Orchestration System Setup
-
Install requirements.
# Centos 8 sudo yum -y install python3 python3-pip git wget unzip libselinux-python3
-
Install Terraform according to the instructions here
# Download terraform package # Note. The scripts are using features only available in version 0.13+ TERRAFORM_VERSION=0.13.3 # wget the binary wget https://releases.hashicorp.com/terraform/$TERRAFORM_VERSION/terraform_$TERRAFORM_VERSION_linux_amd64.zip # Extract unzip terraform_$TERRAFORM_VERSION_linux_amd64.zip # Install sudo mv ./terraform /usr/bin/
-
Clone git repository
cd ~ git clone https://github.com/cleeistaken/automation-kafka.git cd automation-cockroach
-
Create a Python virtual environment.
# Create virtual environment python3 -m venv $HOME/.python3-venv # Activate the virtual environment source $HOME/.python3-venv/bin/activate # (optional) Add VENV to login script echo "source $HOME/.python3-venv/bin/activate" >> $HOME/.bashrc
-
Install required python packages.
pip install --upgrade pip pip install --upgrade setuptools pip install -r python-requirements.txt
VM Template
We create a template to address the following requirements and limitations.
- Need a user account and SSH key for Ansible.
VM Template Setup
-
Create a Linux VM with a supported distribution and version
-
Install the required packages for the Terraform customization.
sudo yum install open-vm-tools perl
-
From the orchestration system create and upload a ssh key to the template VM.
# Check and create a key if none exits if [ ! -f ~/.ssh/id_rsa ]; then ssh-keygen -b 2048 -t rsa -f ~/.ssh/id_rsa -q -N "" fi # Copy to the template VM ssh-copy-id confluent@<ip of the vm>
-
In vSphere convert the VM to a template to prevent any changes.
Terraform
The terraform folder contains a few files:
-
main.tf
: this is the main definition of the environment -
variables.tf
: this is the variables definition file -
teraform.tfvars
: this is the file where environment specific settings are made
Alter terraform.tfvars
to include specific information about the vsphere environment, and the Confluent Platform environment you'd like to build.
Once everything is set, run terraform init
, then run terraform plan
to ensure everything looks good. If everything looks right, then run terraform apply
to apply the configuration.
After everything is built, there will be outputs of the various components IP addresses. Note this for the Ansible section.
Ansible
Edit inventory.yml
and set the ansible user, and private key file for access to the target machines, be to include the ip addresses for each service output by the terraform apply.

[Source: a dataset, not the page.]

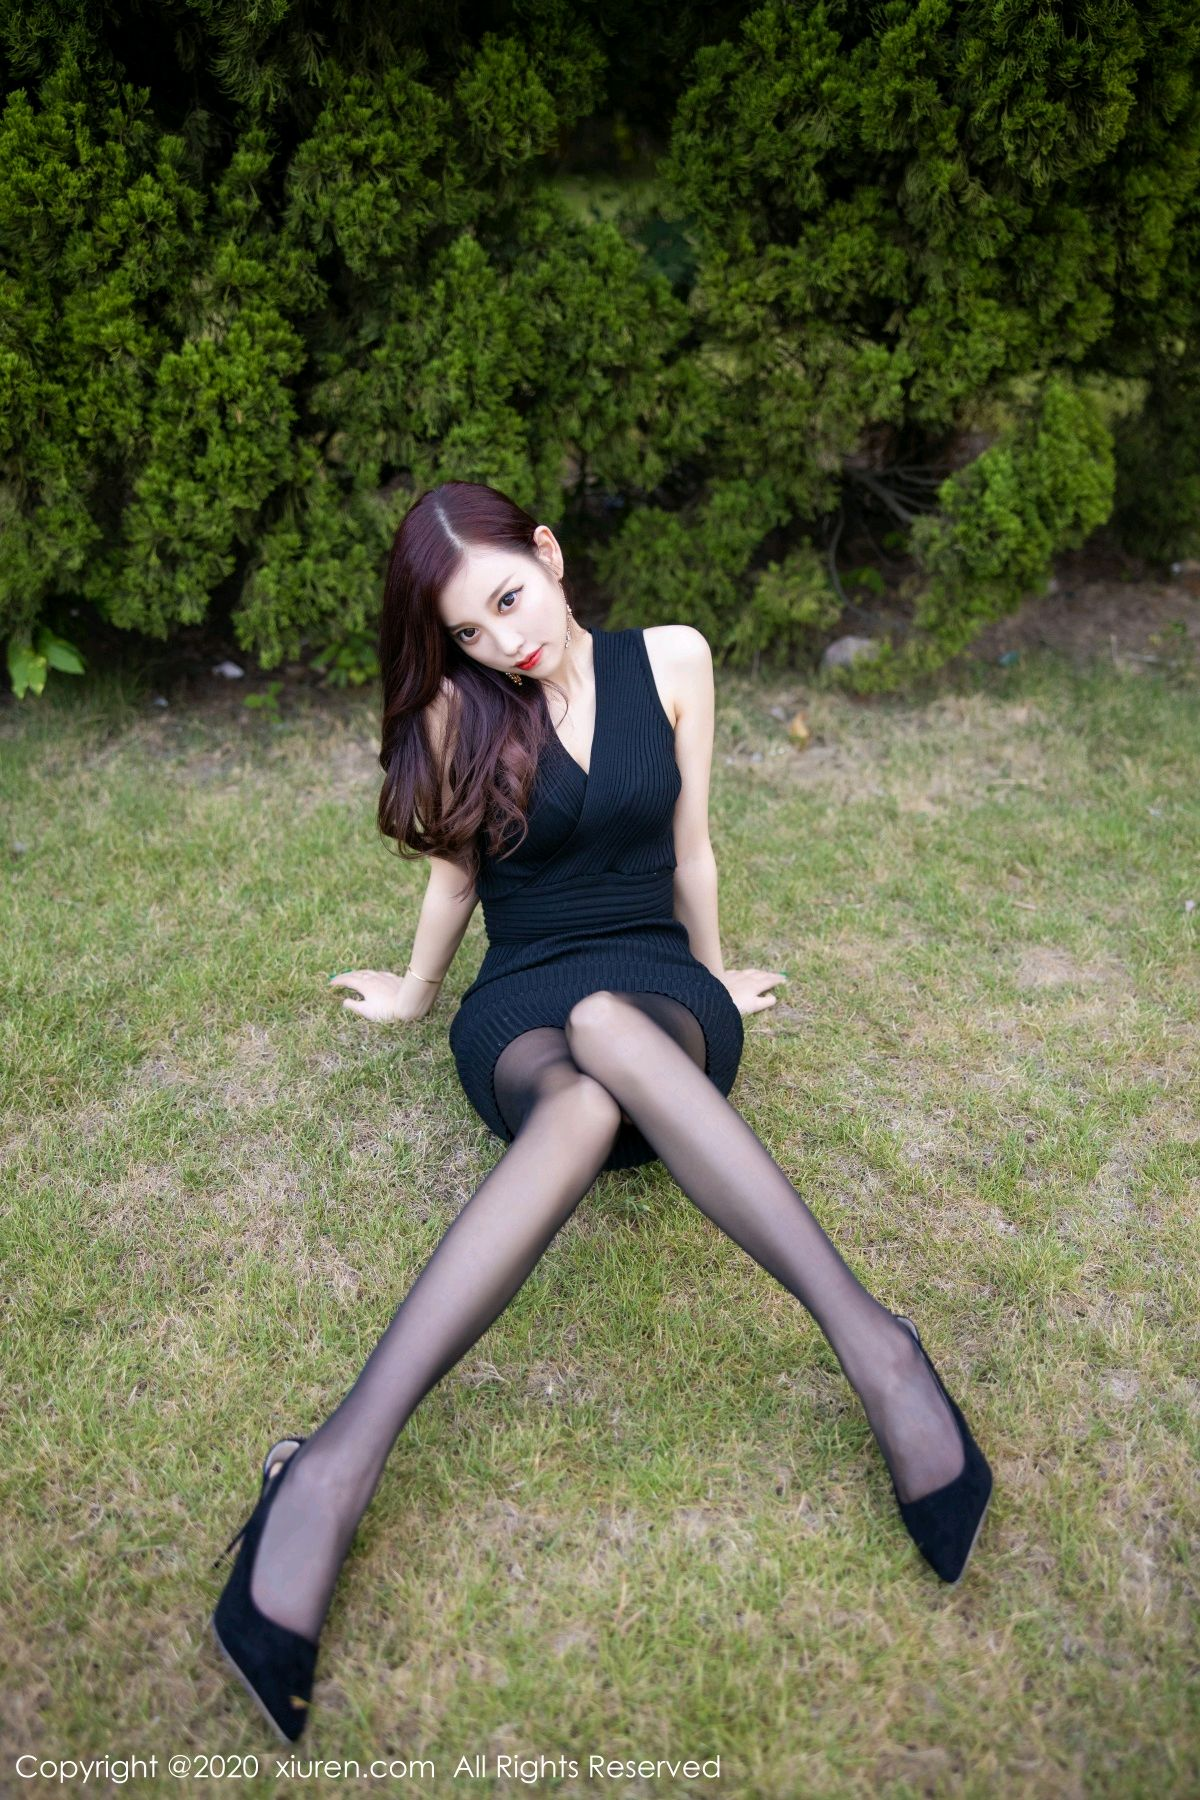 [XiuRen] Vol.2648 Yang Chen Chen 19P, Black Silk, Outdoor, Xiuren, Yang Chen Chen

Ensure that wherever you run ansible from can ssh to each of the hosts, it's easiest to test this with the Ansible ping module:
ansible -i settings.yml -i inventory.yml -m ping all
Preflight
There's a playbook called preflight-playbook.yml
which does the follwoing:
- opens up the SELinux ports to allow traffic between services
- formats the disks and then mounts them (you'll want to make sure that the devices specified in the volumes /dev/sdb1 etc.. are correct for the VMs)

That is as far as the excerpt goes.